# Our 2nd Trip In The Outback... Locked Out, Ran Out Of Power... Then It Snowed -- But We Had Fun, Anyway!



## Morgueman

Hi everyone!
We took our 2nd trip in the Outback this holiday weekend, up to Julian, CA. The first night I accidentally locked myself out (and the dog in) the trailer! DH needed to use a crowbar to open the door! Has anyone else ever done this???

This was our first time "dry" camping, and we do not have a generator. The first night we set the heater to 59 degrees (the low was in the 30s in Julian) and were sparing with the lights and water pump. Unfortunately, by 8pm the 2nd night we were almost out of power already, judging by the less than 1/3 on the panel and the dimming lights (we have 2 12-volts). The low that night hit 29 degrees and we had no heat! Luckily we slid the couch in before we went to bed, and attached the car, as we woke in the morning to a heavy snowfall! We quickly slid in the rear bed and left the campground, as we didn't want to get stuck! A couple of hours and 20 degrees later we arrived in our driveway, opened the Outback to find... water, water everywhere! You guessed it, there was on ice on the rear slide, which was melting onto the floor all the way home. We slid out the bed and DH brushed all the ice/snow off the top of the slide, and I mopped the floors and walls of the Outback. What an adventure!







This is what camping memories are made of...
Laurie


----------



## wolfwood

That's the right asttitude, Laurie. It's ALL ABOUT MEMORIES!!!

(Hey, Kathy's first Sheltie came from Ramona...she says "you'll understand that"....







)


----------



## skippershe

Wow you guys, what a night (mare) that must have been









Too bad you weren't able to stick around and enjoy the snow, but you did get to bring some home with you









We haven't had to run our furnace yet, but I understand that it takes up alot of juice...
So, what's it gonna be? A new generator or no more dry camping??
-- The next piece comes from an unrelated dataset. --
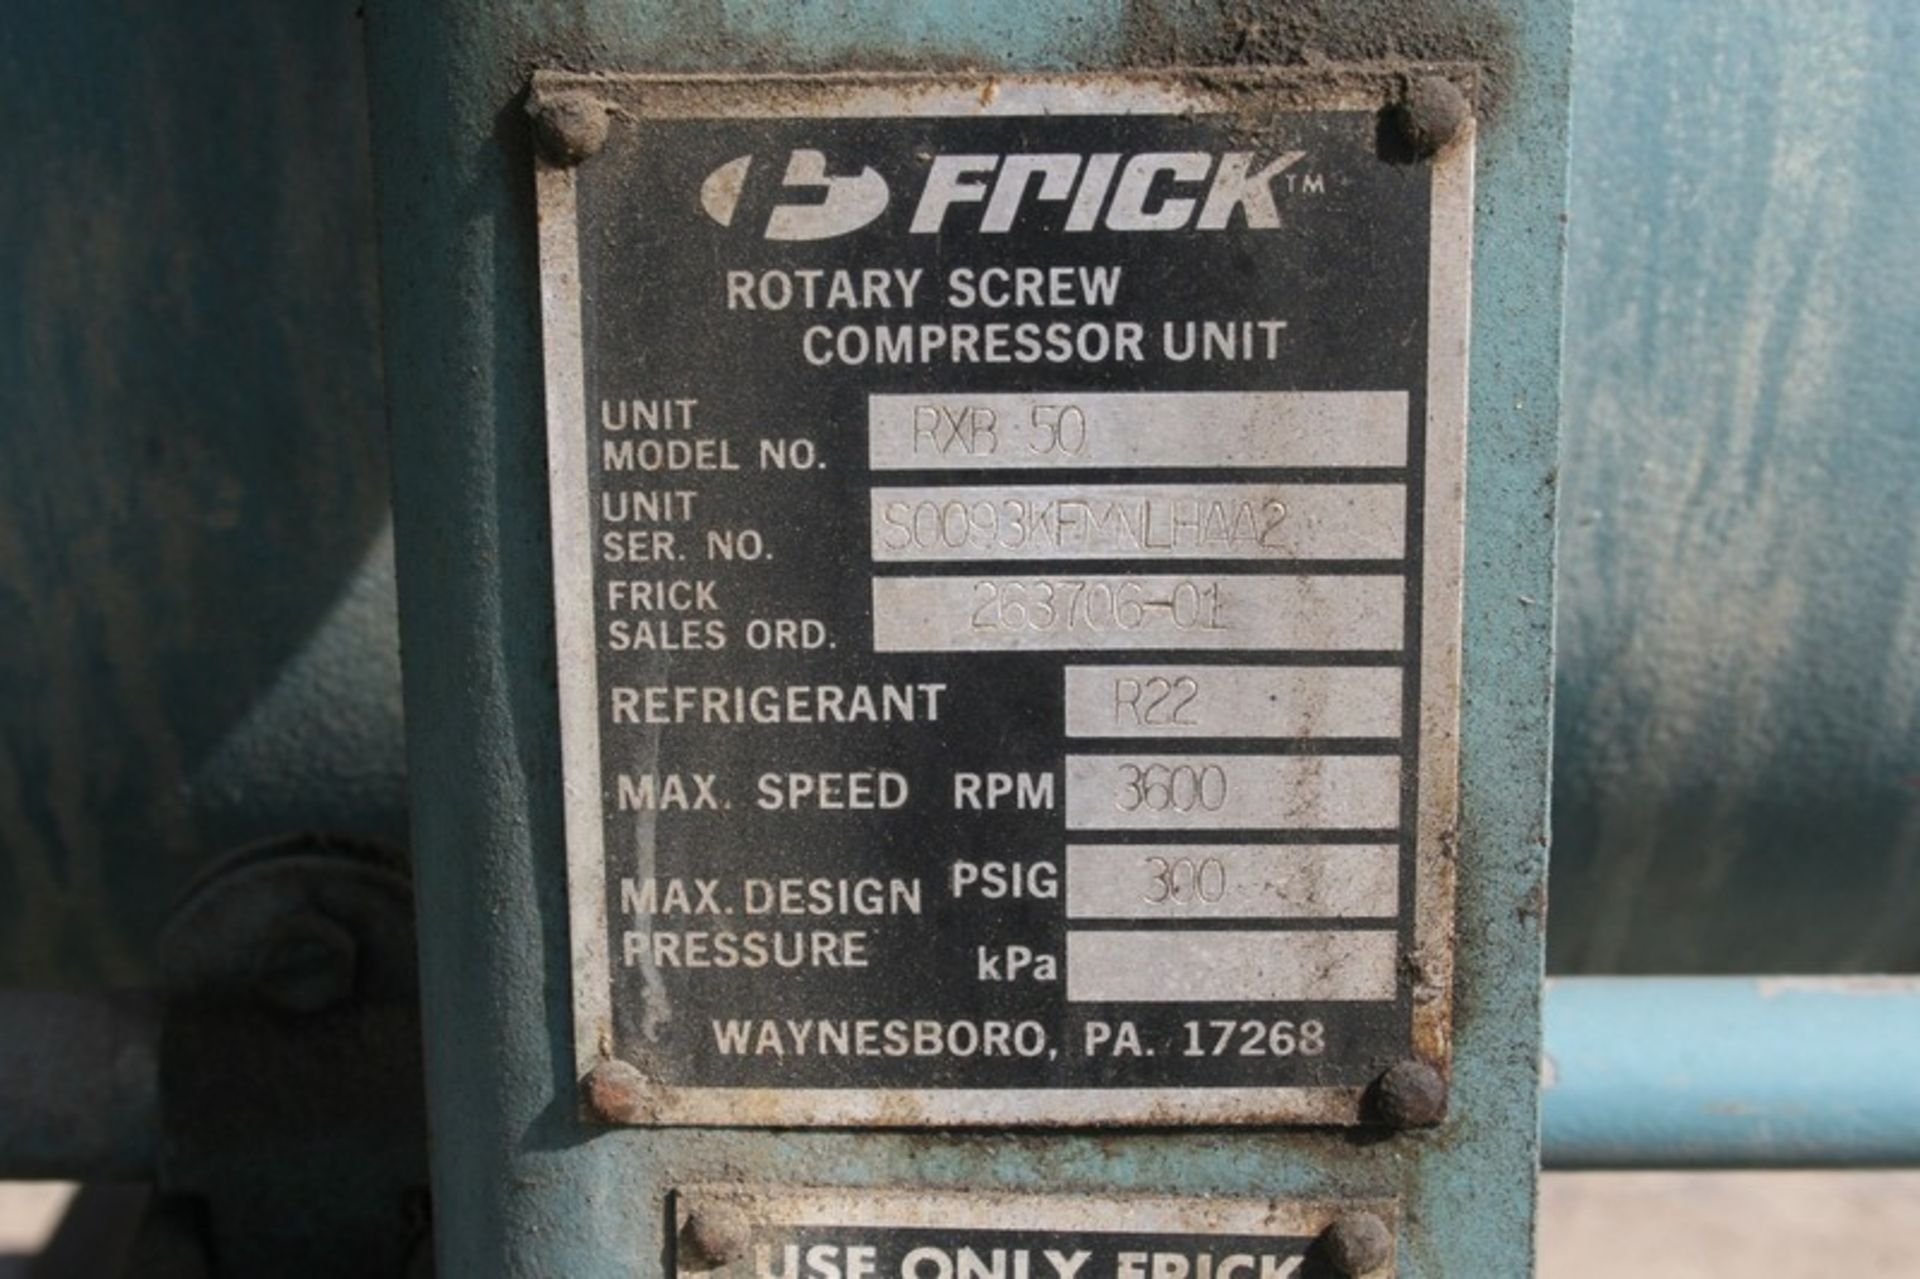 Frick 125 hp Screw Ammonia Air Compressor, Model RXB 50, S/N S0093KFMNLHAA2, RPM 3450, Volt 460, - Bild 9 aus 9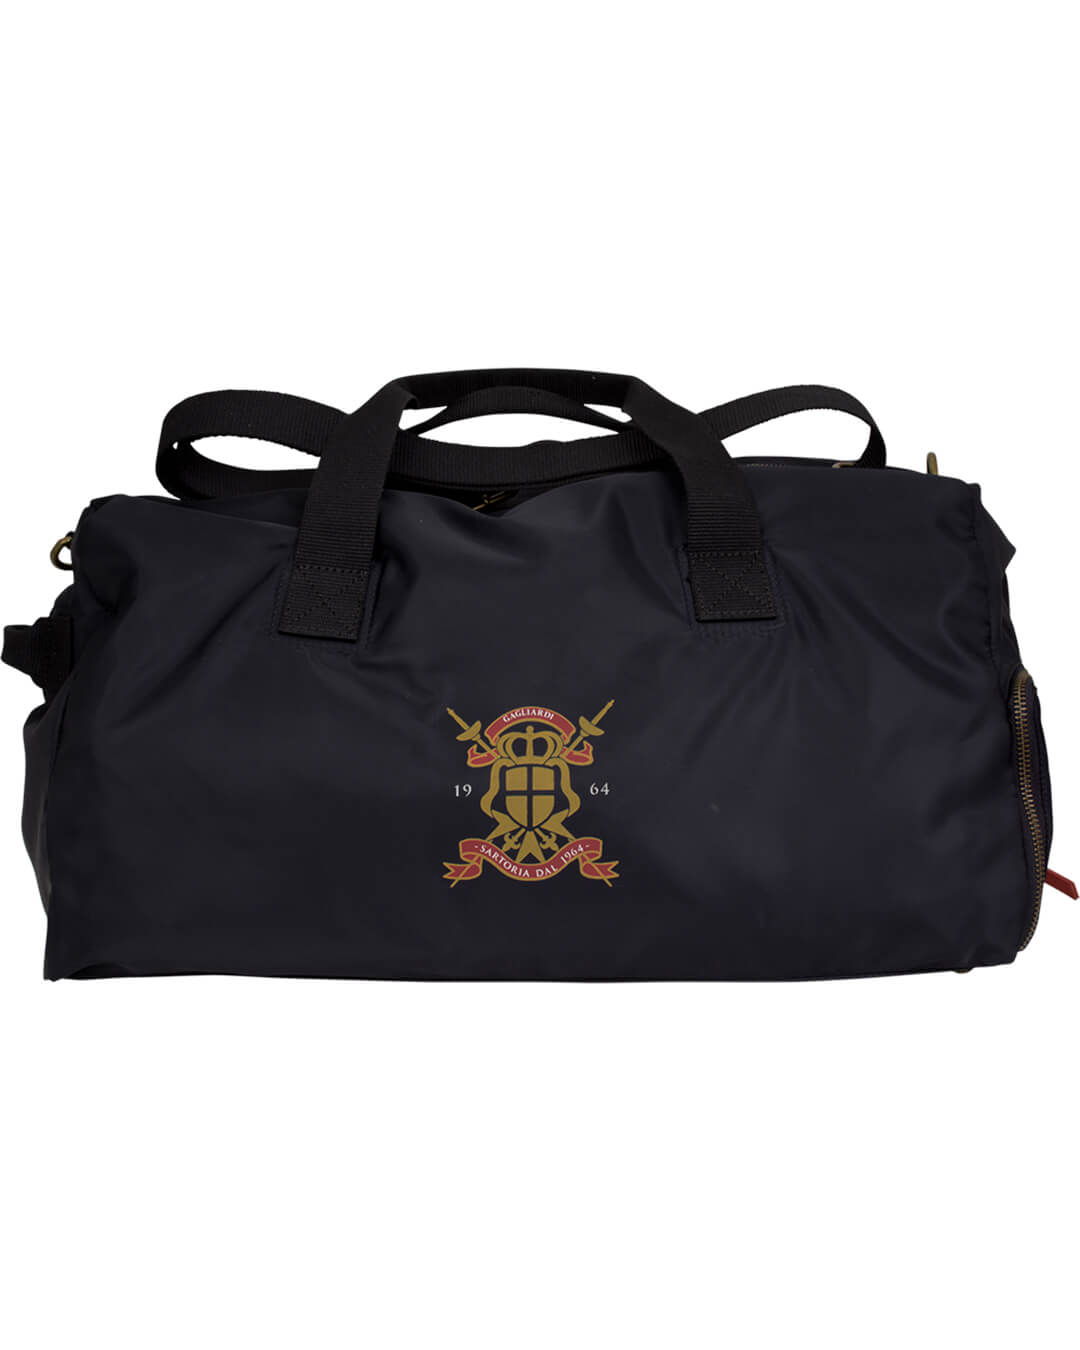 Gagliardi Bags Gagliardi Navy Nylon Gym Bag

Glad you made it home safely








Dawn


----------



## wade2006

Well at least you had fun!!! When we picked our trailer up they said to make sure we separated the keys so we wouldn't lock us out. I got a little ring we can attach to our belt loops so we have our TT keys with us at all times. Just a suggestion. Thank goodness you got out of there before you were snowed in. Great story and a memory of lifetime. 
Ronda









Forgot to say: when we use our heater it doesn't seem to drain our battery. We only have 1 battery, we do have a generator, but only use it if we want to use the lights. The lights drain the battery in a hurry. Our battery seems to do well unless we use the lights. I got some led lights from Costco and stuck 1 in the bathroom, 1 under kitchen counter and 1 under shelf of bed. We use these lights to conserve the battery. We also got a coleman lantern which I charge before going out and we use the nightlight at night and the lantern and it stays charged for the weekend. We only turn the water pump on when using it. Just what we've done the 2 times we've been out and we have only dry camped both times.

Ronda


----------



## skippershe

Here are a couple of mods that may help you in the future.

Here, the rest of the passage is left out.